We also found that BB supplementation preserves levels of hippocampal CaMKII phosphorylation after TBI, and changes in CaMKII correlated negatively with latency to locate the escape hole in the Barnes maze memory test. CaMKII, the main protein of the postsynaptic density and key BDNF signaling element, upon autophosphorylation increases synaptic efficacy and long-term synaptic memory.In fact, CaMKII dysregulation has been associated with several neuropsychiatric diseases.It is possible that the effects of BB on the BDNF levels results in autophosphorylation of tyrosine residues that rise intracellular calcium levels leading to CaMKII activation.Elevated levels of free radical formation are a common sequel of TBI pathology that can result in lipid peroxidation.In particular, lipid peroxidation has negative consequences for the function of the plasma membrane. It has been reported that optimal maintenance of membrane function is essential to support neuronal signaling that underlie synaptic plasticity, and that membrane function loss following TBI may be associated with cognitive deficits.Phospholipids are components of the plasma membrane that are particularly important for regulating cellular signaling and neuronal excitability.The fatty acids residues in phospholipids are sensitive targets to oxidative free radical attack to induce lipid peroxidation. Lipid peroxidation products can impair the barrier function, ion-channel activity,black plastic plant pots bulk and neurotransmitter release associated synaptic activity.Higher 4-HNE formation causes ionic disruption and membrane disturbance which contributes to additional reactive oxygen species production.

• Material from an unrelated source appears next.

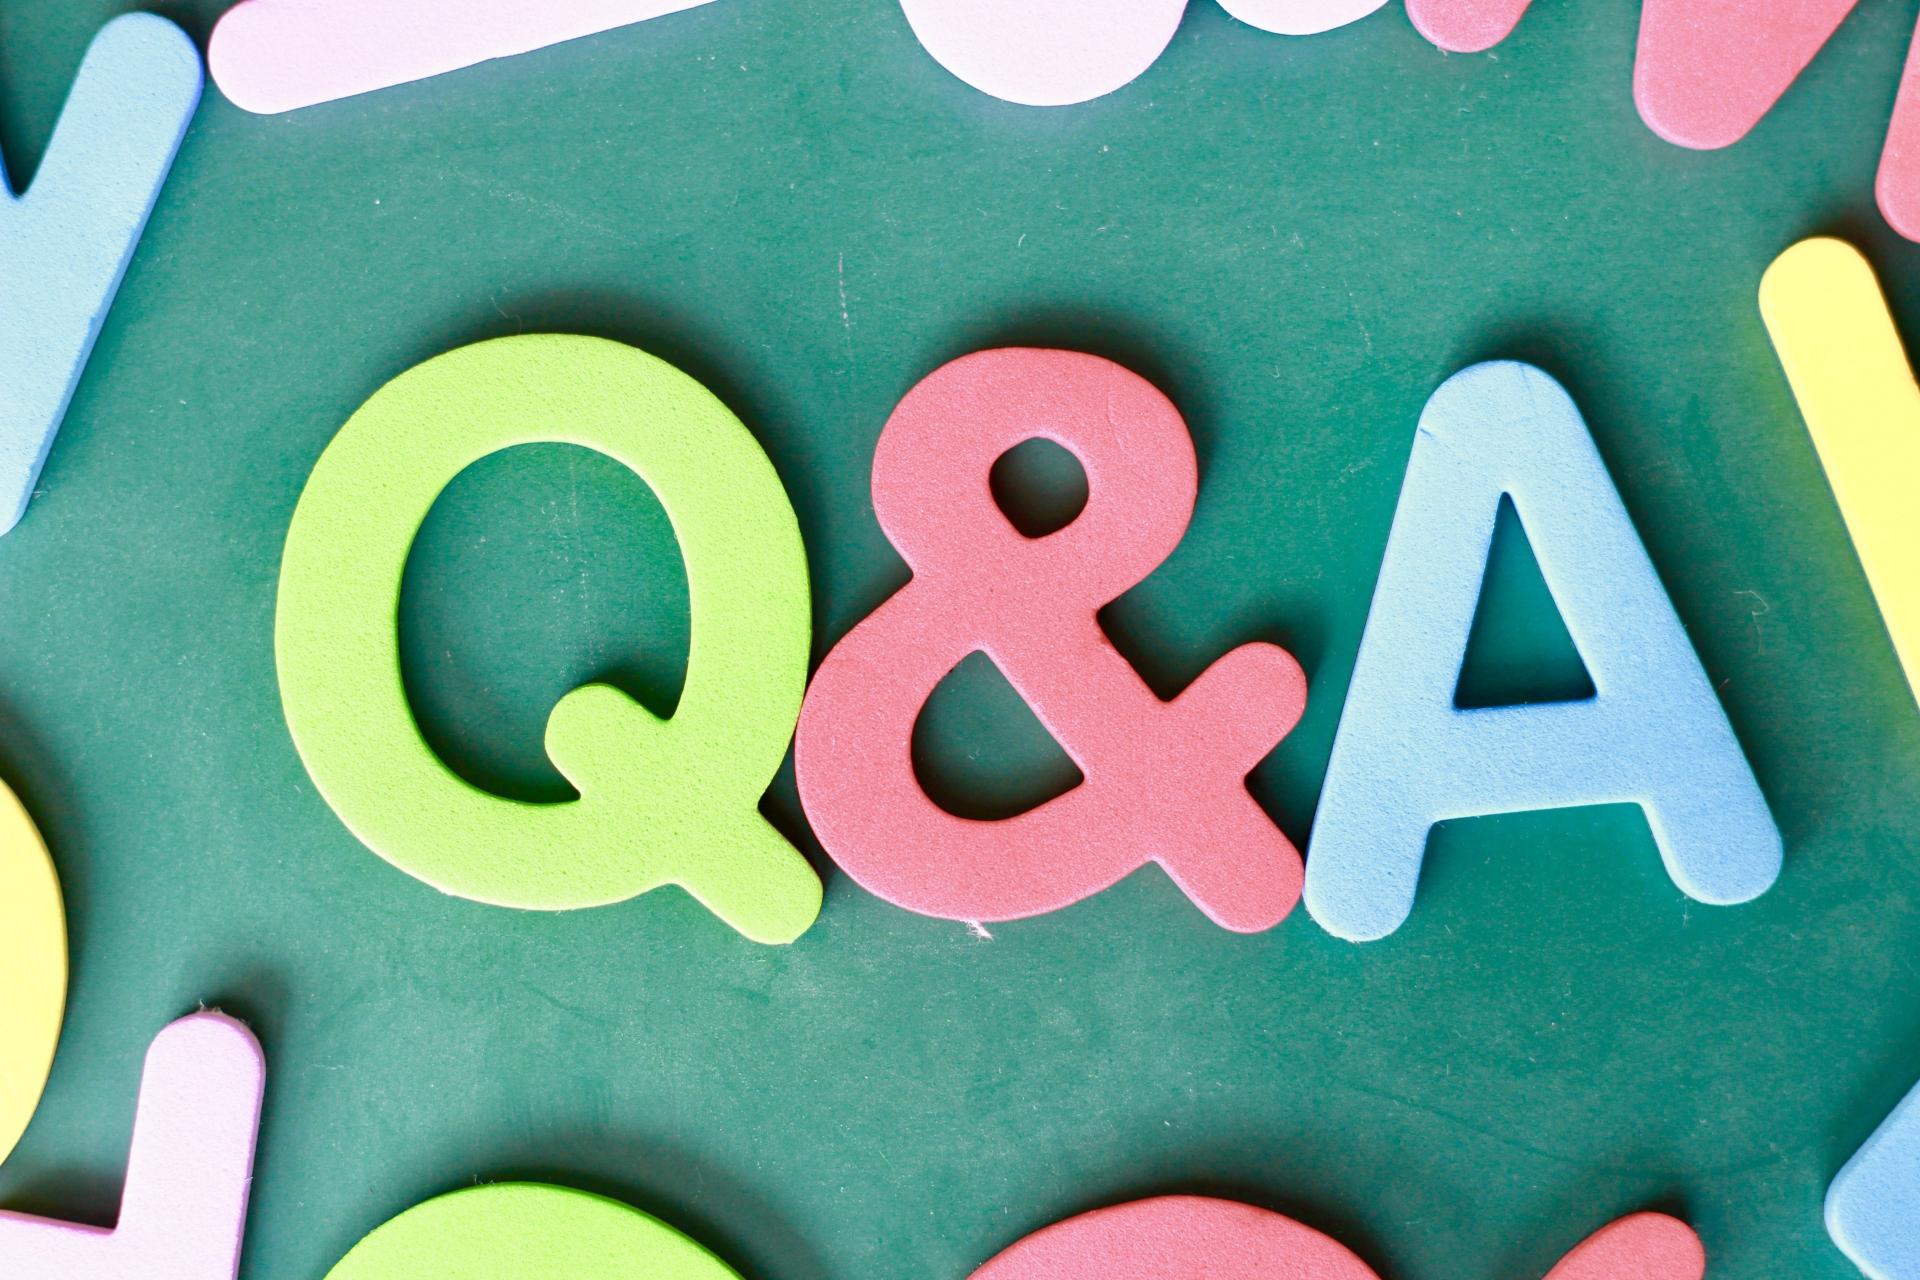 MA (マーケティングオートメーション)の導入と運用でよくある質問と回答について

We presently found that TBI caused a marked increase in 4-HNE levels indicative of decreased neuronal excitability. Elevated levels of 4-HNE can form adducts with proteins, promotes oxidative stress,and contributes to membrane damage following TBI.BB is considered to have strong antioxidant capacity, important in its ability to attenuate oxidative stress.The fact that BB reduced the levels of 4-HNE supports the notion that BB attenuated TBI-related oxidative damage with positive consequences for neuronal excitability and plasma membrane function. Further, our reported positive correlation of spatial memory performance with 4-HNE levels suggest that a reduction of 4-HNE is important for behavioral outcome, in agreement with behavioral impact of 4-HNE on spatial memory performance.Interestingly, BB powder supplementation showed a positive effect on various aspects of brain function and plasticity in spite of the fact that the powder contains several components with recognized unhealthy effects. For example, the BB powder has high contents of sugars, particularly fructose, which upon consumption reduced levels of the same plasticity markers being decreased by BB supplementation in our study.It is important to note that in the present study, we matched the two diets for sugars and vitamin C. Therefore, it is likely that the flavonoid components are largely responsible for the observed positive effects of the BB powder possessing antioxidant property.These results seem to indicate that the combination of fructose with flavonoids in natural foods has an overall healthy action, which further suggests the importance of consuming natural foods. Also, the protective effects of BB against TBI pathology may be attributed to the presence of other bio-active compounds present in the powder such as β-carotenes and anthocyanins.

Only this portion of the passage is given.